Background: Opioids prescribed for postoperative pain have exceeded patient need in the United States, playing a significant role in the opioid epidemic. In the preintervention phase of this project (September 2018 - March 2019), a chart review and patient survey revealed that patients were prescribed double the number of opioids they consumed following gynecologic surgery.

Objective: To ascertain whether an educational intervention recommending opiate prescriptions based on postoperative opioid use decreases gynecologic surgeons' opiate prescriptions.
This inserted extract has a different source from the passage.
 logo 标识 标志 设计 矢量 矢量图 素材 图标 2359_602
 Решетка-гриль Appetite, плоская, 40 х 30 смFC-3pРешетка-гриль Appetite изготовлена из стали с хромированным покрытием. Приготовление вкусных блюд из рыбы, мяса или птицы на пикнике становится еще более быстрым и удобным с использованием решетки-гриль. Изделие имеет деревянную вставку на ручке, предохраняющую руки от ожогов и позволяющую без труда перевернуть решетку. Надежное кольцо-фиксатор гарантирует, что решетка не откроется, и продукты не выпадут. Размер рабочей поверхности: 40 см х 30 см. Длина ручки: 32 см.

Methods: An educational intervention implemented in January 2021 communicated the discrepancy between patient need and medications prescribed and made prescribing recommendations for common gynecologic procedures. A postintervention (February 2021 - April 2021) retrospective chart review ascertained postoperative opioid prescribing practices. Residents were surveyed about their prescribing practices in June 2021. Descriptive statistics compared each phase.

Results: For laparoscopic hysterectomy, the median morphine milligram equivalent (MME) was 150 (IQR 112.5-166.9) for preintervention and 150 (IQR 112.5-150) postintervention. For vaginal hysterectomy, median MME declined from 150 (IQR 112.5-225) to 112.5 (IQR 112.5-150). For laparoscopic surgery without hysterectomy, the median MME was 75 for both preintervention (IQR 75-120) and postintervention (IQR 60-80). For vaginal surgery without hysterectomy median MME went from 75 (IQR 75-142.5) to 54 (IQR 22.5-112.5). Median MME for hysteroscopy and dilation and curettage was 0 for both phases. When surveyed, residents reported prescribing lower amounts than actual prescribing practices.

Conclusions: Despite education informing gynecologic surgeons that their opioid prescribing exceeded patient need, prescribing practices did not change. The difference between actual and resident-reported prescribing practices warrants further investigation.